Safety-net hospitals, haven for the uninsured, are seeing more covered patients since the expansion of Medicaid
Kentucky Health News
Hospitals that most often treat the poor and uninsured are seeing fewer uninsured patients since the new health law’s expansion of Medicaid, Phil Galewitz reports for Kaiser Health News. Kentucky’s safety-net hospitals have also seen a drop in their uninsured patients.
Safety-net hospitals, which are often not paid for the billions of dollars it costs to care for the disproportionate share of poor and uninsured people they care for, will benefit most from the health law’s expansion to more than 13 million people this year, Galewitz writes.
Hospitals across the country had expected this outcome, but told Galewitz in interviews that it has happened “faster and deeper” than anticipated — “at least in the 25 states that expanded Medicaid in January.”
Kentucky is one of the states that agreed to the Medicaid expansion and has expanded health coverage to some 413,000 people, with 75 percent of them reporting that they did not have coverage before signing up on Kynect, the state’s health insuance exchange.
Michael Rust, president of Kentucky Hospital Association, said figures from his members won’t be available until July, but “Anecdotally, I can tell you that more people do have coverage,” adding later that “most are on Medicaid.”
The University of Kentucky has seen a decrease in uninsured patients. “The number of uninsured patients seeking care at UK HealthCare since Medicaid expansion took effect in January has decreased,” said Mark D. Birdwhistell, UK vice president for health system administration. “Even though we have seen a double-digit increase in the number of services provided, request for financial assistance is down when compared to this period last year.”
Investor-owned hospitals are also being affected by the expansion of coverage. HCA, Tenet Healthcare Corp., Community Health Systems, some of which own safety-net hospitals, told Galewitz “they saw their rates of uninsured patients drop by as much as a third in the first quarter of 2014 in hospitals located in Medicaid-expansion states,” he writes.
“An Urban Institute study published in the May edition of Health Affairs estimated the costs of uncompensated care to hospitals were as high as $45 billion in 2013, with government programs defraying an estimated 65 percent of those costs,” Galewitz reports.
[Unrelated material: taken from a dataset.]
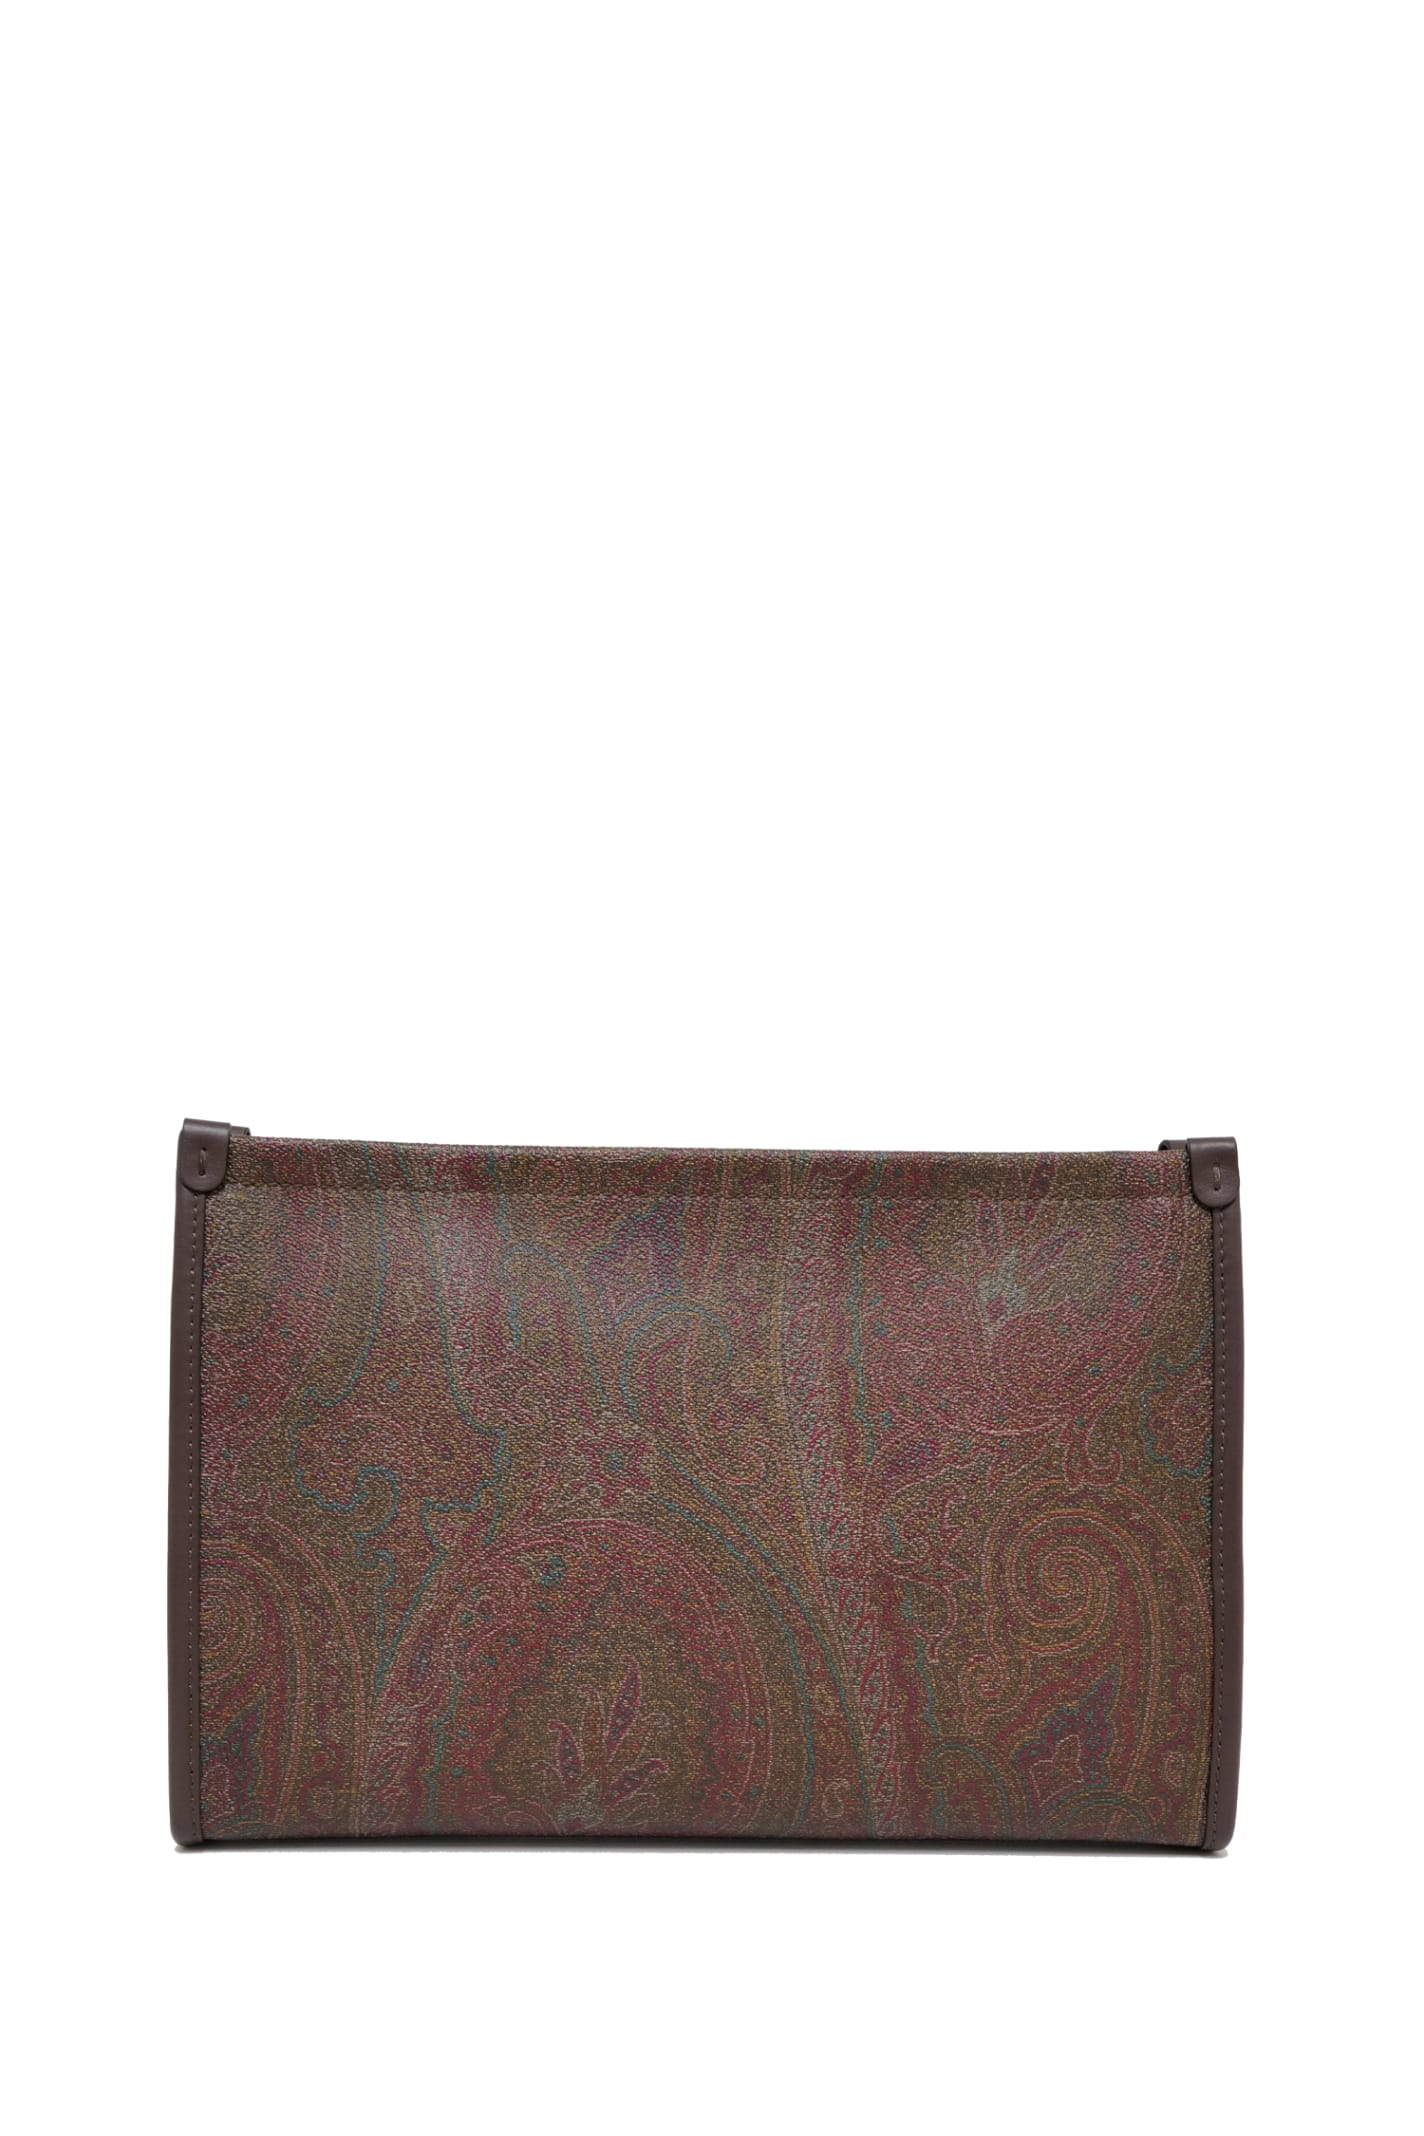 Shop Etro Handbag In Brown

That made the hospital industry one of the first to support the Affordable Care Act, he notes, agreeing to take funding cuts “exceeding $150 billion over a decade” in return for more paying patients.
However, because the Supreme Court ruled that states could not be forced to expand Medicaid, hospitals in the 24 states that didn’t are suffering the funding cuts, without the “corresponding reduction in uncompensated care,” Galewitz writes.
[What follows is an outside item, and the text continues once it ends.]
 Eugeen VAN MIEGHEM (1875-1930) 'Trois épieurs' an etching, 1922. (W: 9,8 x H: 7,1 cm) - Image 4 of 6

Hospital officials told Galewitz that the biggest impact of the expansion of Medicaid is that patients can now go to a primary-care doctor instead of the emergency room for routine care. Kentucky ERs have reported a surge in patients since the law took effect. Galewitz notes that a study in Massachusetts following its Obamacare-like expansion showed an initial surge in ER use followed by a decline over several years.